Conventionally, in the case where the mercury content is low, the emission intensity distribution of iron is highly unevenly described in Patent Document 1. However, due to the improvement of the ballast performance of the lighting apparatus and the like, It becomes possible.

From such a background, it is required to reduce the amount of mercury in the lamp and frequently use the input power in order to reduce the power consumption.

For example, when irradiating a workpiece, it is a lighting method in which the lamp is turned on with electric power at the time of normal lighting, and when electric power is lowered, the electric power is switched again. At this time, the standby time of the lamp to be actually used is, for example, within one minute.

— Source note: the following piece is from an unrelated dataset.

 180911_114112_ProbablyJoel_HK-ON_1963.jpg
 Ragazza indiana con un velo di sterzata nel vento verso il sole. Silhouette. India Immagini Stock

However, when the mercury-reduced lamp is frequently switched on as described above, there is a problem that the illuminance is remarkably lowered in a short time.

As a result of intensive investigations by the inventors of the present invention, the following findings were obtained.

The outermost surface of the quartz glass on the inner wall is cleaned with an aqueous solution of hydrogen fluoride on the inner wall portion of the lamp after the roughness has deteriorated in a short time, , The enclosed metal was contained in the region from the inner wall of the arc tube to a certain depth.

From this point of view, it was thought that the enclosed metal did not remain attached to the inner wall of the arc tube but was injected into the arc tube. This phenomenon is considered to occur when the current rapidly increases from standby to irradiation. The reason is presumed as follows.

The halogen density in the vicinity of the inner wall of the arc tube is in a low state at the time of low power standby. Therefore, when power is switched to a high power, the electron density of the arc is abruptly increased, and atoms of the enclosed metal such as iron or bismuth collide with electrons in the arc and fly toward the inner wall of the arc tube.

Conventionally, since mercury is present in a large amount, mercury functions as a buffer, and the injection of the enclosed metal into the arc tube is suppressed. However, since the amount of mercury is lowered, the buffering effect is so thin that it is considered that the filling metal such as iron or bismuth is easily injected.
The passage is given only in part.